When at a crossroads, Devin was unable to access his own wisdom and clarity, despite knowing what he needed. Driven by self-doubt, he became caught in a loop of automatic rote reactions developed long ago unconsciously in an attempt to stave off disapproval and shame. “What if I’m just running away and taking the easy way out?” …” What if it’s really not the right thing to do?” This rigid mindset was a symptom - obstructing self-reflection and perspective, causing him to lose sight of who he really was and what he wanted. (An interesting observation is that people who tend to escape rarely obsess over whether or not they are just taking the easy way out.) Distracted by the wrong concerns, Devin failed to recognize the parts of himself that were overdeveloped (being disciplined, loyal, responsible, staying the course) and the ones that needed strengthening (being flexible, letting go, taking a risk, holding his own in the face of potential disapproval, tolerating change).
Knowing you’re at risk for staying too long of course doesn’t mean the right decision is necessarily to leave, rather than continue to try. People like Devin, along with feeling guilty and acting dutifully, may also chronically feel trapped in their lives and fantasize about escape. It can be confusing for them, and untenable, to trust their instincts and motives when wanting to decide to leave. Using the guide below, people can check themselves when they want to quit but fear that they may just be making excuses.

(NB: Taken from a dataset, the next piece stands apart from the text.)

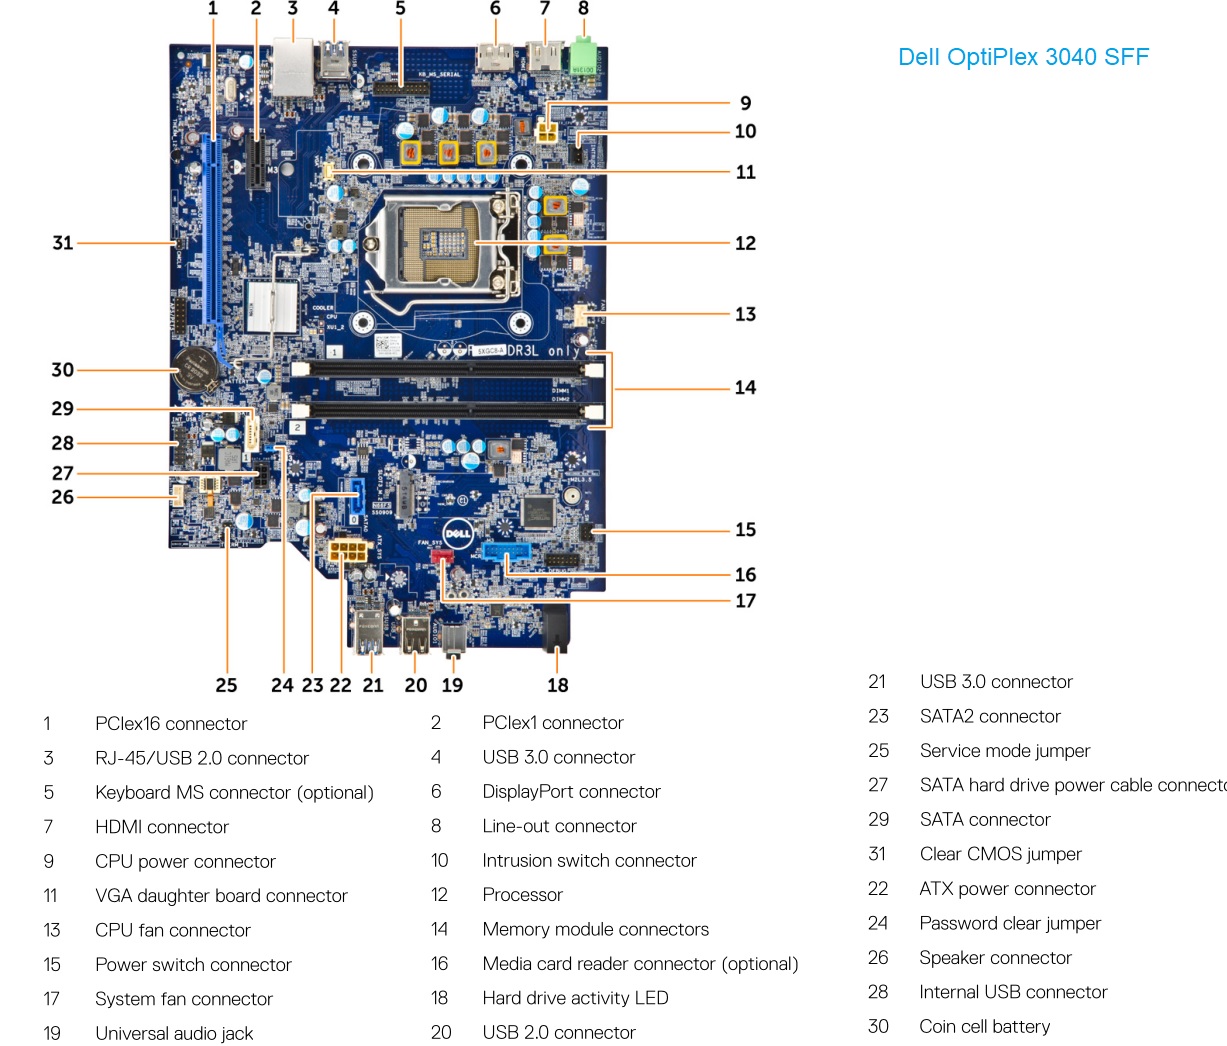 Dell OptiPlex 3040 SFF – Specs and upgrade options
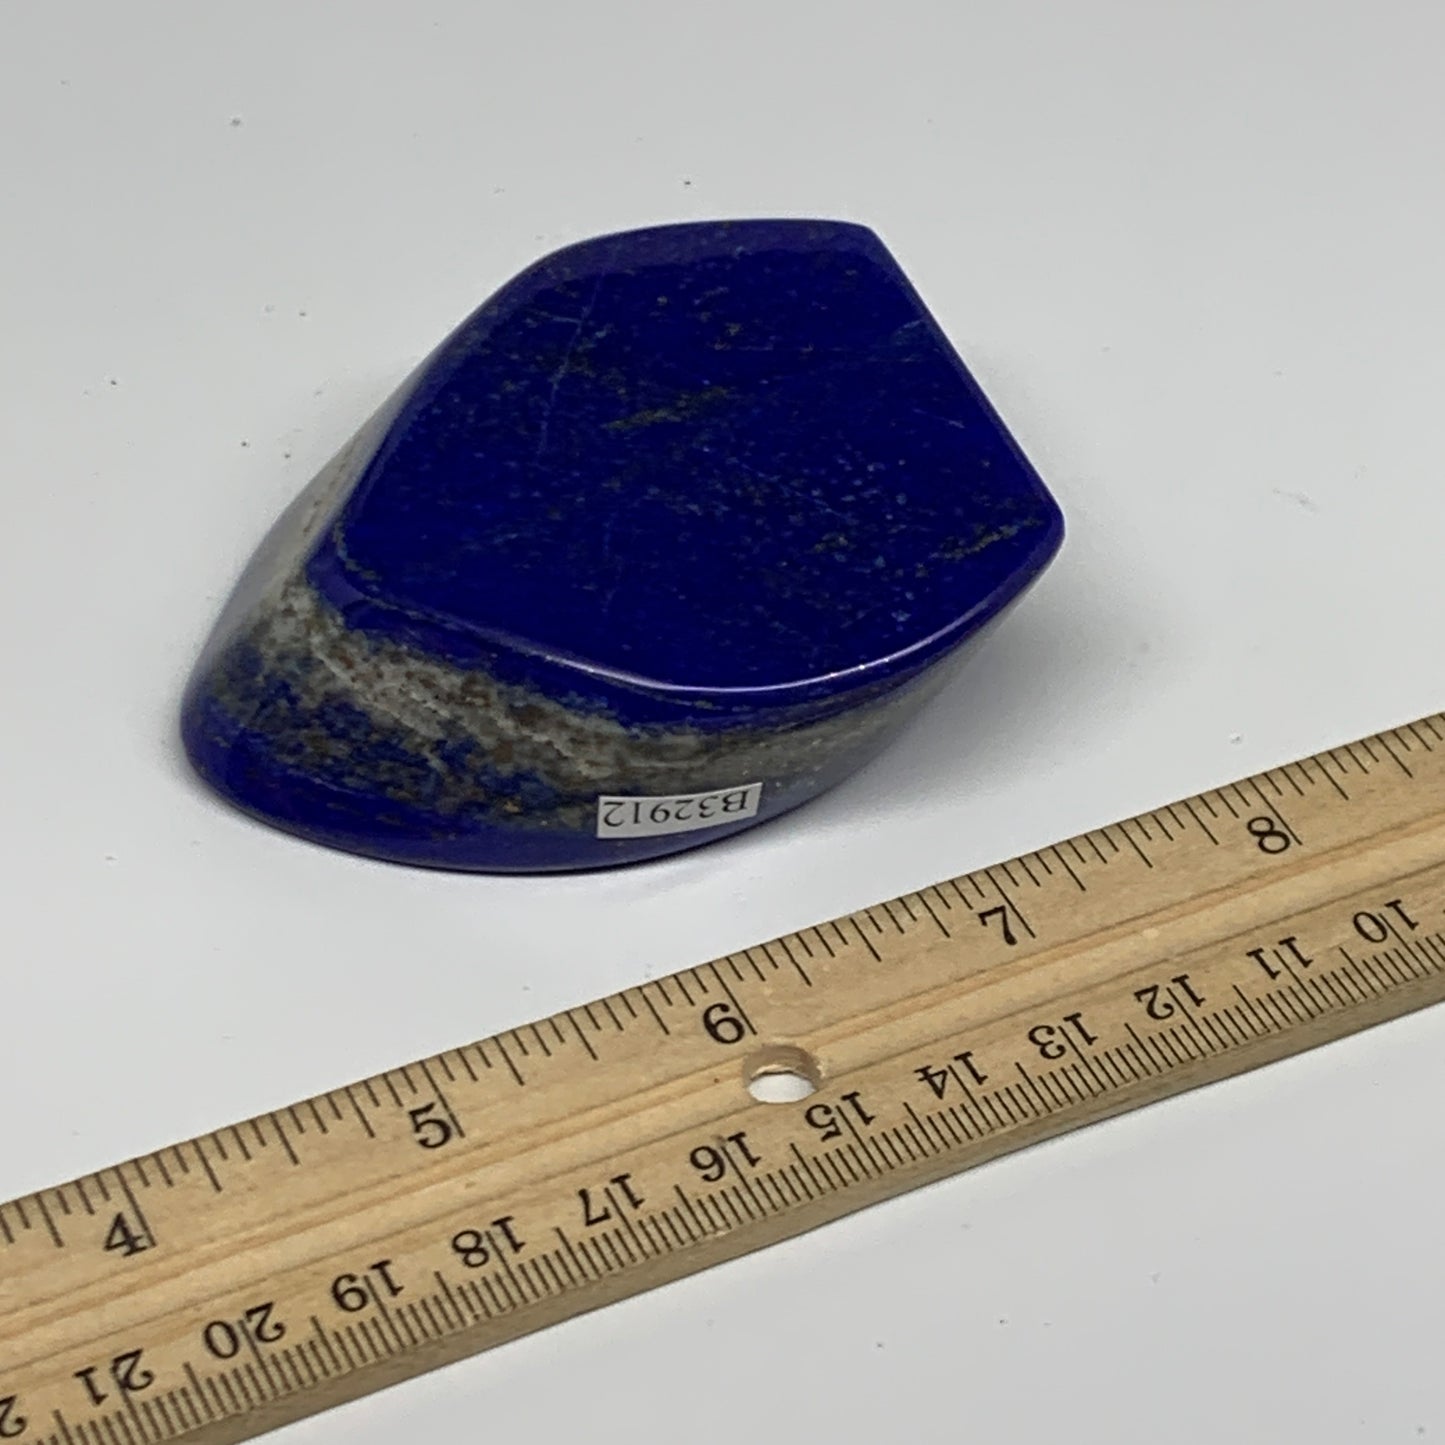 211.9g, 2.9"x2.7"x1.9" Natural Freeform Lapis Lazuli from Afghanistan, B32912

6 Signs that it may be time to quit (and know that you’re not just bailing):
1. When quitting is the “harder” choice.
2. When the effort you’ve expended with little payoff tells you that you’re not just running away: your effort outweighs the cost, resulting in a net loss.
3. If you were getting a reward for an accurate prediction of how things would play out, your prediction would be that the same pattern would persist.
4. When the outcome is not within your control and continuing to try is keeping you stuck.
5. When you’re trying to prove something to yourself or others (e.g. the kind of person you are) rather than seeing the big picture.
6. When persevering is affecting family life, relationships, and/or health.
Letting go can be mistakenly seen as a sign of weakness or personal failure, though in fact sometimes may be the harder, wiser, and more courageous thing to do.